I’ve been looking forward to writing this one, folks. Longtime readers of ours may know I’ve covered NotGames and tinyBuild’s satirical “brainwashing simulator” known as Not for Broadcast in several articles in the past since the game originally launched in Steam Early Access. I wrote about the game’s demo, Not for Broadcast: Prologue, shortly after it was made public in late 2019. I then covered its first full episode approximately three months after that. I humbly suggest checking out those articles if you’re so inclined.

NFB has been in Early Access since late December of 2020, and I’m pleased to see it has now officially left that corner of Steam as of about two weeks ago at the time of writing. On January 25th, 2022, the game’s third and final playable story episode was released. This constituted what I personally see as its rather triumphant exit from Early Access, and also saw Not for Broadcast launch on GOG and the Epic Games Store as well.

I suspect you might be wondering why I described Not for Broadcast’s departure from Steam Early Access as “triumphant.” That’s partially due to the prominence of both “Very Positive” and “Overwhelmingly Positive” reviews on the game’s Steam Store page at the time of writing. If nothing else, the sheer amount of such feedback indicates to me that I’m certainly not the only one who has an optimistic view about NFB as a whole.
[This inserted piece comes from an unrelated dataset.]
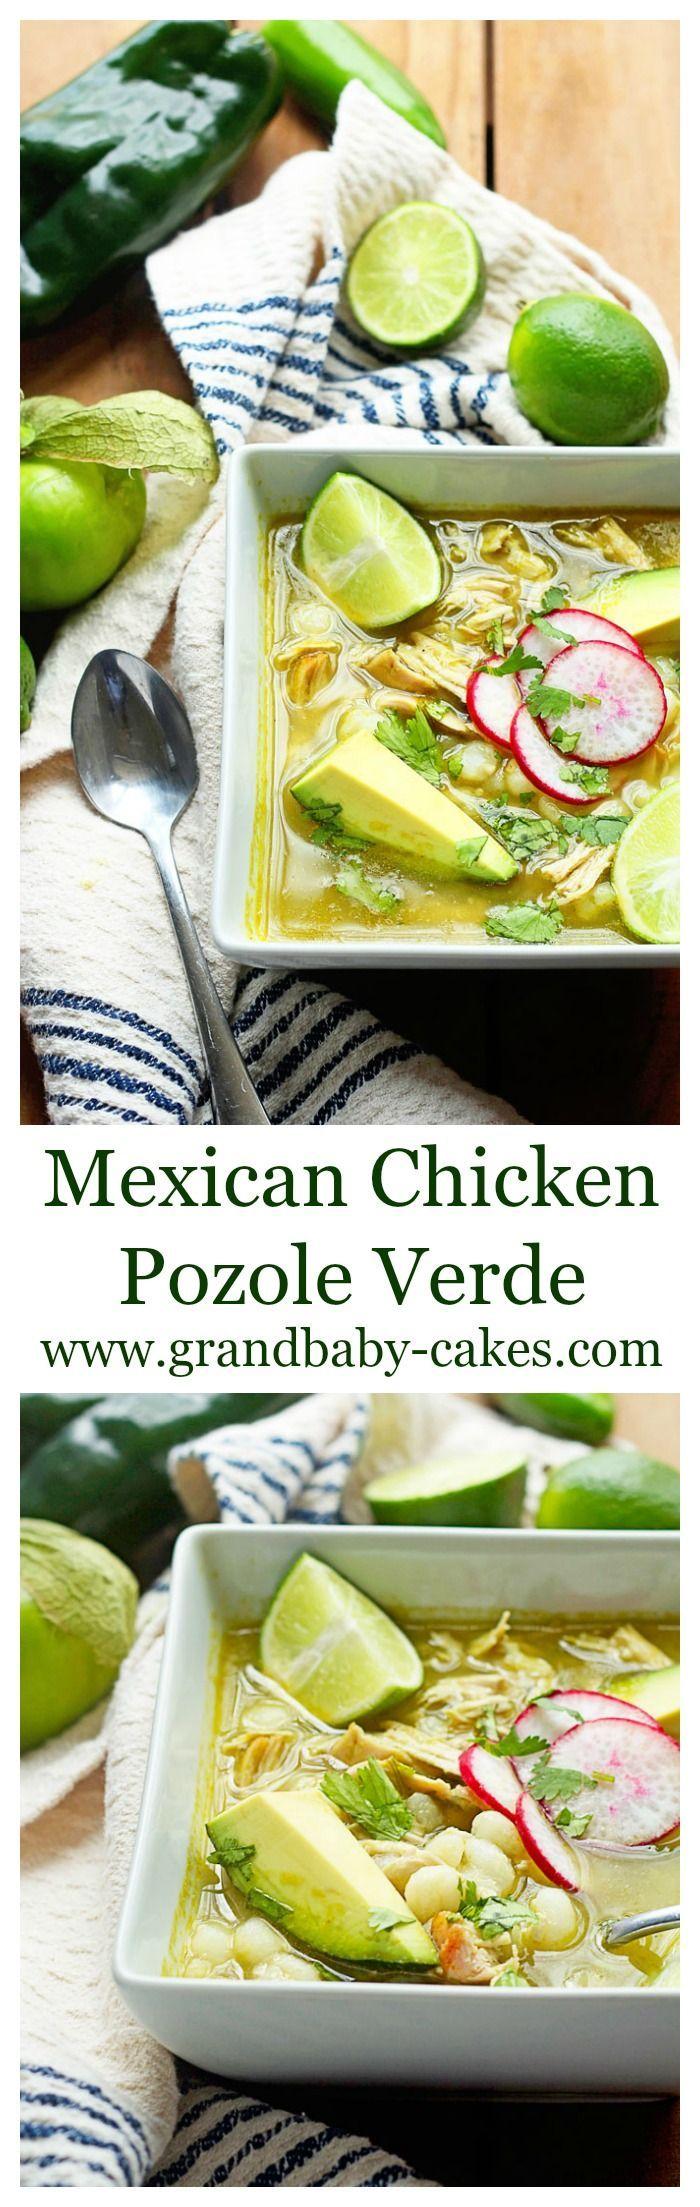 Mexican Chicken Pozole Verde | Grandbaby Cakes ~ http://www.grandbaby-cakes.com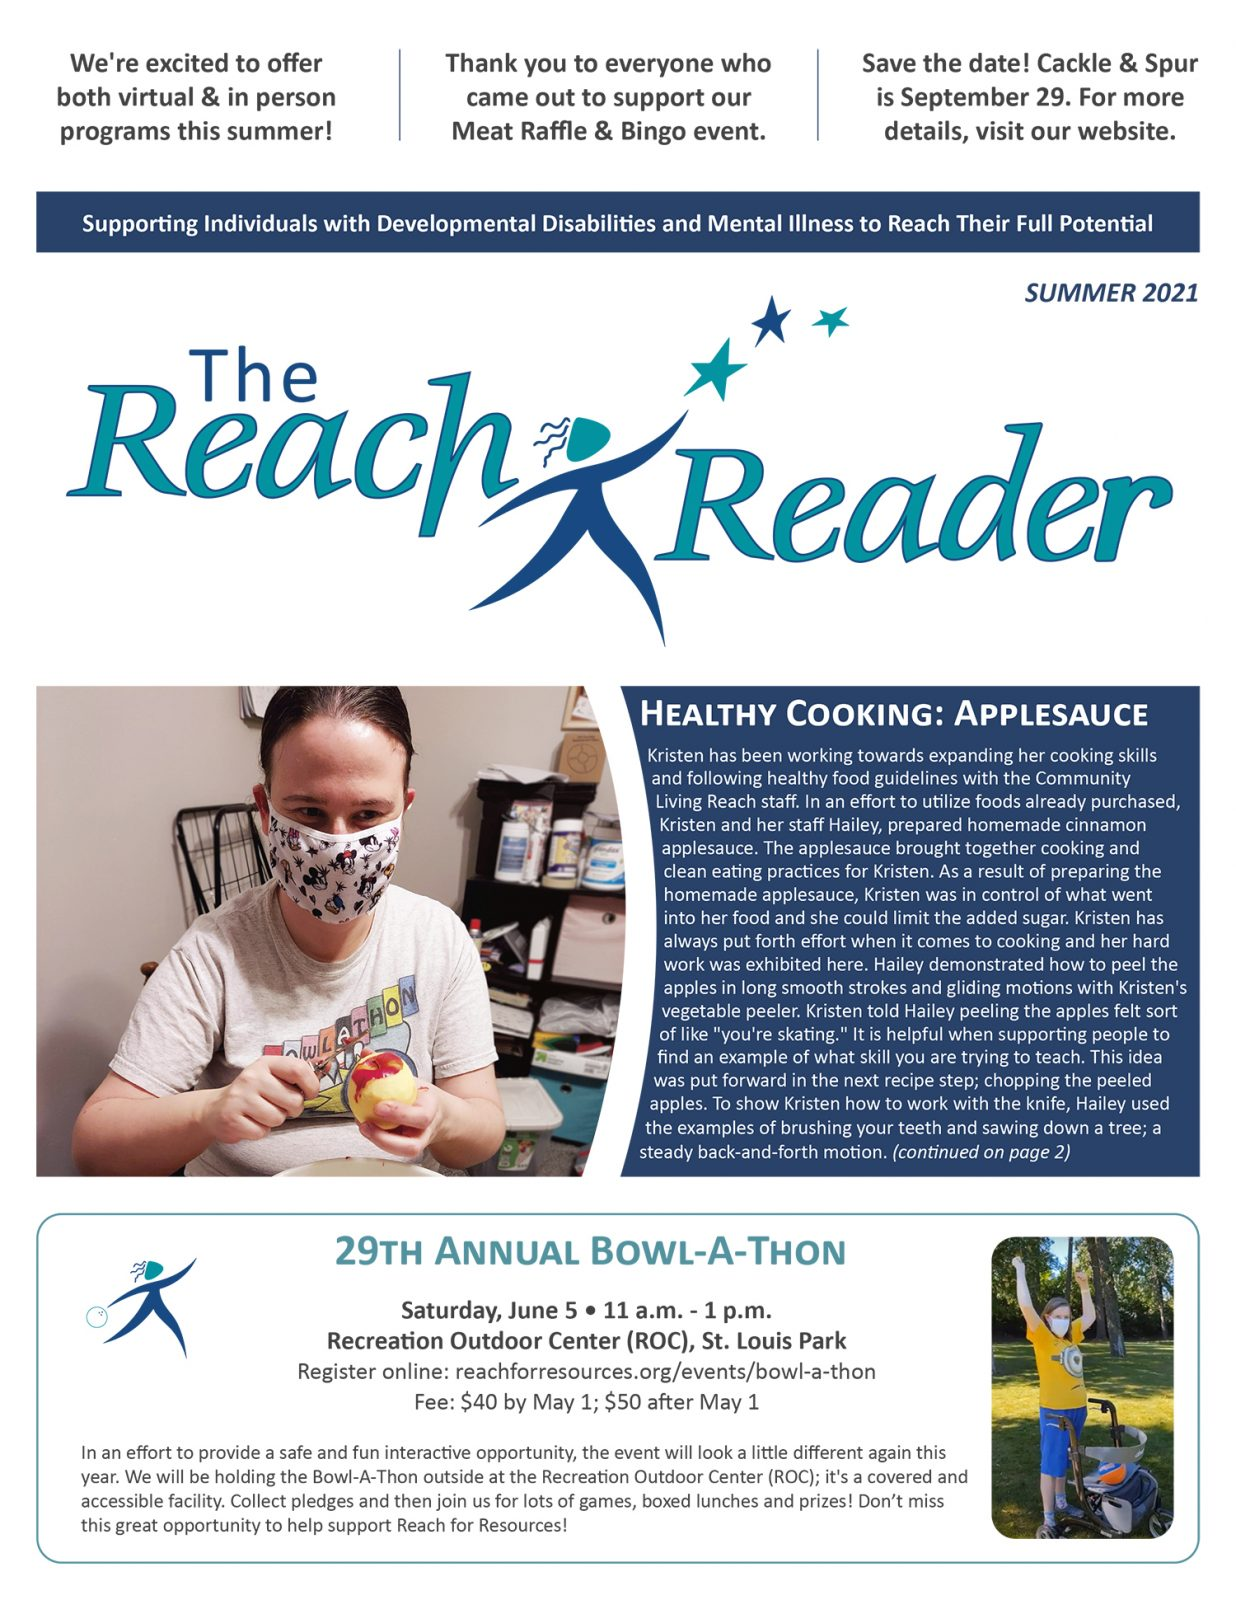 Summer 2021 Reach Reader

I would personally argue that Not for Broadcast has earned all those glowing reviews. I would also say such reviews serve as a testament to the care that NotGames has clearly poured into this title over the course of its development. Not for Broadcast stands out to me as a game that has most definitely benefited from its time in Early Access, rather than merely languishing there.

I think it would be best if I start by establishing a bit of background about the game’s story, while simultaneously diving into my thoughts on its gameplay mechanics and a few other things I consider noteworthy. Not for Broadcast is set within an unnamed country in an alternate version of the 1980s. Your job, which basically constitutes the core gameplay loop, is to operate the various behind-the-scenes aspects of that country’s daily 6 PM news broadcast and keep things running smoothly.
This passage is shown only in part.